An unintentional byproduct of the rock-breaking was sharp-edged flakes and broken stone cores, which look like the rocks traditionally interpreted as evidence of early stone technology because they do not happen naturally. The researchers even excavated flaked hammer-stones which would traditionally be considered flaked artefacts, if it wasn’t for the modern-day capuchins merrily making more.

A Brazilian capuchin making tasty stone dust (T. Falótico)

1 Tool-making could have arisen from these accidental flakes The discovery of archaeological sites often accidental, so there are huge gaps in the evolutionary chain from the common ancestors of modern primates and hominids, and where on that chain they started using tools. Prehistoric inventions are often assumed to be as much about opportunity as inspiration, and the capuchins here were seen to re-use broken hammer-stones as fresh hammers, they didn’t use the flakes for cutting or scraping. Maybe they’re not smart enough, but it would only take one early ape-man to pick up a flake and use it for something new.

2 Advanced tools are still exclusive to humans, but how far? The researchers are clear that there’s no suggestion that primates were involved at sites where stone-aged tools have been identified from more than three million years ago. Nevertheless, with evidence of nut-cracking and other tool use among capuchins, as well as evidence of crude stone tool creation among West African chimps in prehistoric times, it’s going to be difficult to claim that advanced tool use is purely human territory. If creating tools to interact with our environment is a characteristic of intelligence, then it starts to look like steps along a scale of how tools are taken from one purpose — cracking rocks and nuts — and applied to another, like scraping meat from bones or the inside of fruit.

3 Is this a cultural behaviour? Proffitt’s not a primatologist, so he’s more interested in whether the stone flakes look like artefacts that archaeologists use to infer tool use by the ancestors of modern humans. Capuchins (the genus Cebus) are a well-studied non-human primate with one of the widest ranges of innovative gestures, cultural behaviours for foraging and food processing, and social rituals among non-ape species.

Self-medication: a female bonobo selects a the stem of a plant for stripping (LuiKotale Bonobo Project/Max Koelbl)

4 Self-medicating animals are another mystery Mammals are well-known for eating unusual foods that don’t fit their diets — cats who eat grass appear to use it as a dietary supplement. Other animals have been documented eating odd substances with limited nutritional value because they seem to like the taste, have health benefits or even have psychoactive properties (the study is called Zoopharmacognosy). What are the benefits of the the quartz dust or ground-up lichen it contains, do the monkeys learn to eat it or are they following an instinctive knowledge?

5 This is speculative science giving itself a reality check I was surprised to see that Profitt and his team are archaeologists, not primatologists.
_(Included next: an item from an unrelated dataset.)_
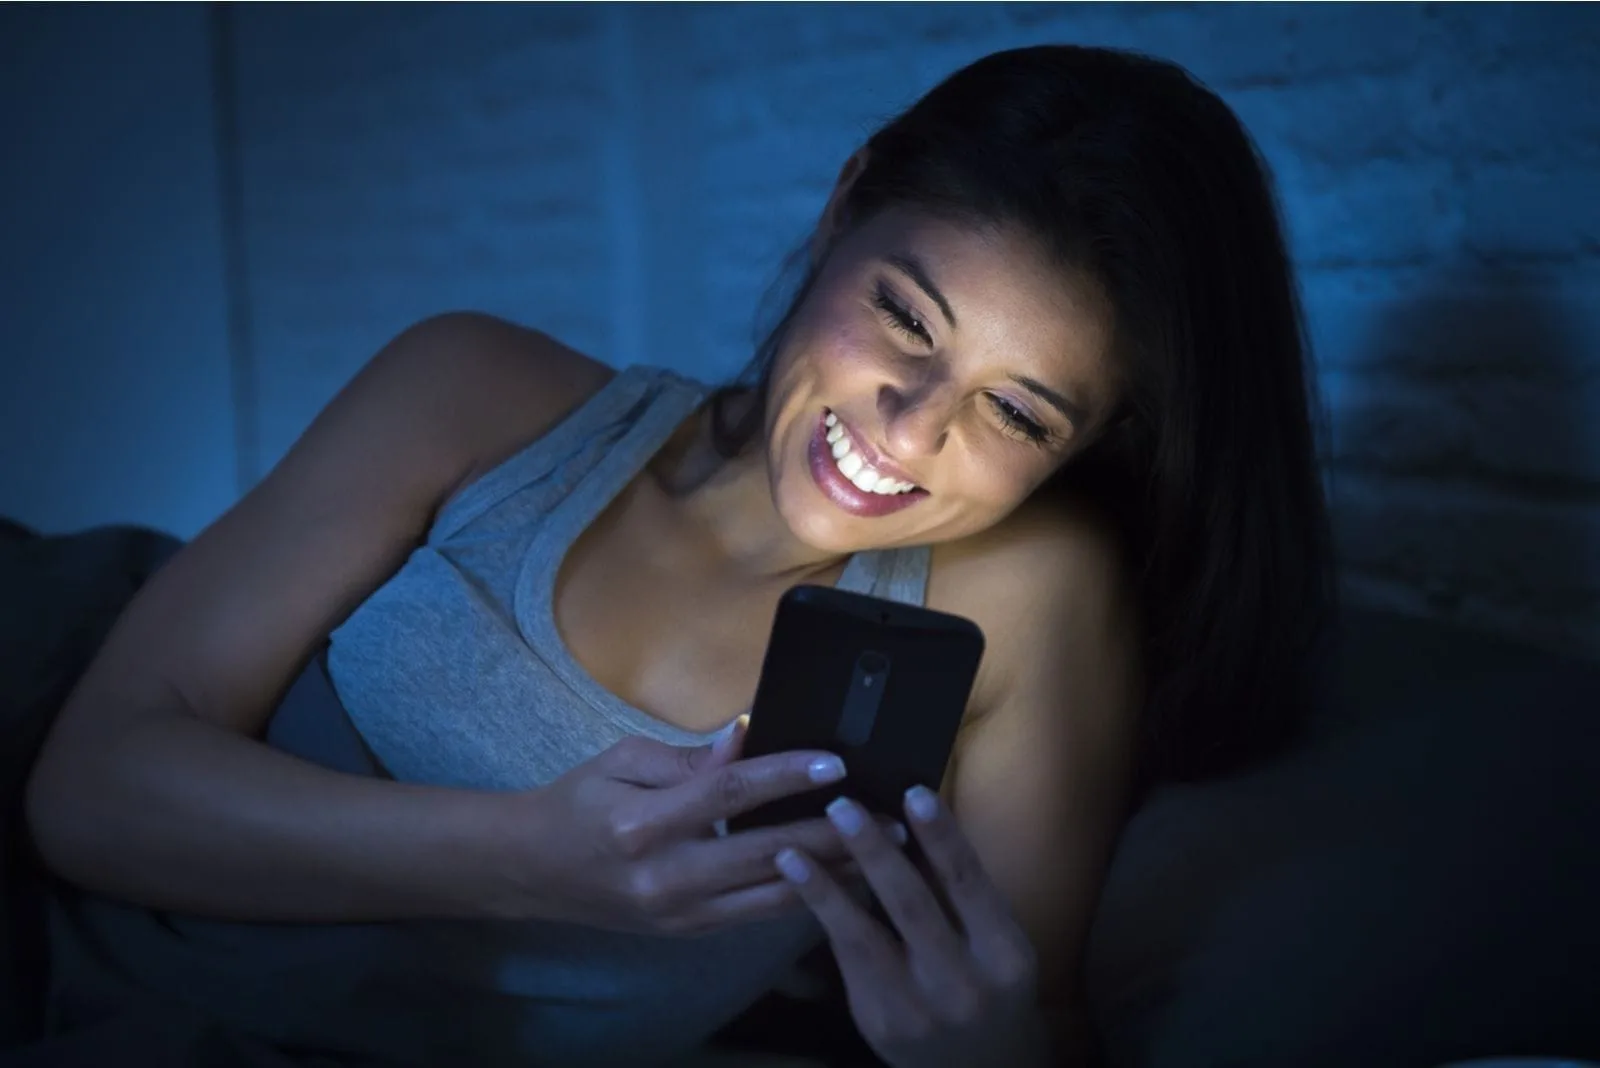 woman in tank top smiling while looking at her smartphone in bed with lights off

Popular archaeology shows like Time Team would have you believing in prehistoric stew because they found a few beans, and it’s easy for specialists in fields like paleontology and evolutionary biology to speculate wildly on thin evidence. This research warns paleontologists that they should be careful that their ancient stone flakes are really hominid artefacts, and that it’s important to have a broad awareness of related disciplines.

Michael Haslam, a co-author also from the University of Oxford, told The Guardian: “The fact that we have discovered monkeys can produce the same result does throw a bit of a spanner in the works in our thinking on evolutionary behaviour and how we attribute such artefacts.”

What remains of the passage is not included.